# Ausgeben der Eingabewerte einer Methode



## Gabbiadini (28. Dez 2004)

Hallo zusammen,
wie ihr gleich seht, bin ich noch blutiger Java-Anfänger. Ich zerbreche mir seit drei Stunden den Kopf, und komme einfach nicht weiter...im Internet und in meinem Java-Buch hab ich keinen funktionierenden Ansatz gefunden.

Ich habe die Aufgabenstellung, in einer separaten Methode double-Werte einzulesen, und diese in der main() Methode auszugeben bzw. in anderen Methoden weiter zu verarbeiten. Allerdings scheitere ich schon an der Ausgabe in main() ???:L 

Meine Methode zum Einlesen sieht derzeit folgendermaßen aus:

```
class EIN
{
	static double[] messein ()		
	{
		double eingabe[];
		int i=1, abbruch=0;		
		eingabe=new double[8];		
		do
		{
			System.out.print("Bitte geben Sie einen Messwert ein: ");		
			eingabe[i]=IO1.eindouble();
			i=i++;
			System.out.print("Bitte eine 1 eingeben, wenn weitere Berechnung erwuenscht: ");		 
			abbruch=IO1.einint();
			return eingabe;	
		}
		while (abbruch==1);		
	}		
}
```
*IO1 ist eine Methode zum Einlesen von Integer und Double-Werten, die ich vorgeben bekommen habe.


Wie hole ich mir jetzt die einzelnen Werte in die main() Methode hinüber, so daß nach Eingabe aller Werte diese nochmal ALLE ausgegeben werden? Bzw, daß ich sie weiterverarbeiten kann (Durchschnitt, etc)?

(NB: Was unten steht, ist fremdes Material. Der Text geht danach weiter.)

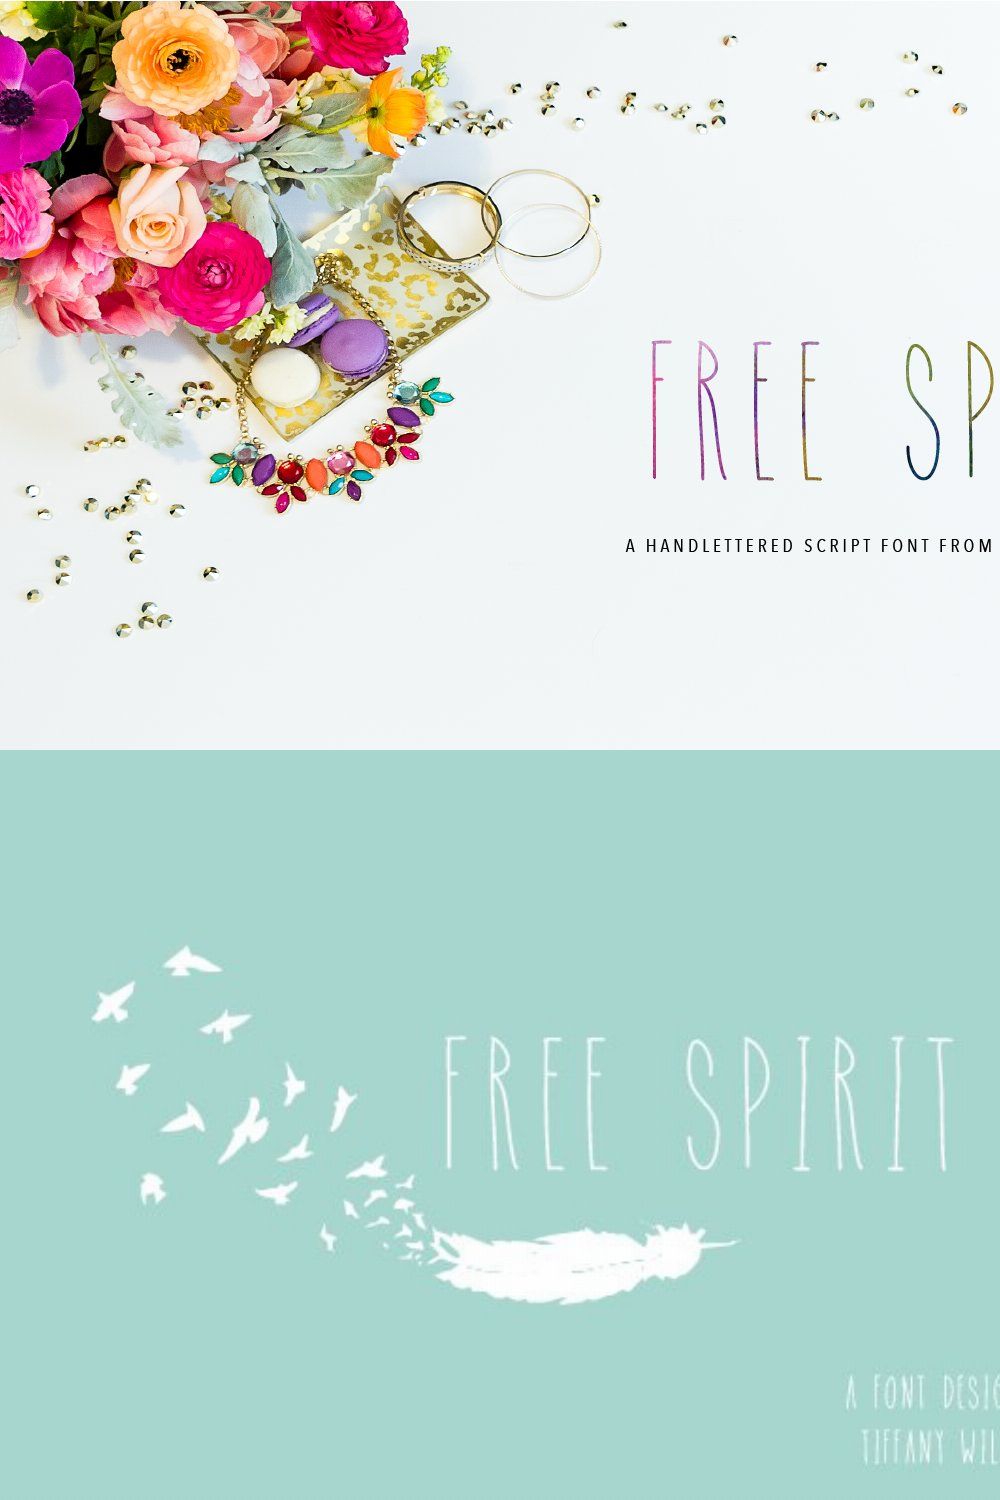 Free Spirit pinterest preview image.

Wäre super, falls mich jemand auf den richtigen Ansatz bringen kann!

Thomas


----------



## Oskar (28. Dez 2004)

Hiho,

deine Methode wird bei jedem (sprich insbesondere beim ersten) Durchlauf der Schleife zurück in die aufrufende Methode springen. Das return sitzt an der "falschen" Stelle.

Wenn du das gesamte Array zurückgegeben haben willst sollte es wie folgt lauten:



```
class EIN
{
   static double[] messein ()      
   {
      double eingabe[];
      int i=1, abbruch=0;      
      eingabe=new double[8];      
      do
      {
          //...
      }
      while (abbruch==1);
      return eingabe;     
   }      
}
```

Jetzt gibt die Methode alle eingegebenen Werte zurück. Diese kannst du in der main-Methode in ein entsprechendes double Array verpacken.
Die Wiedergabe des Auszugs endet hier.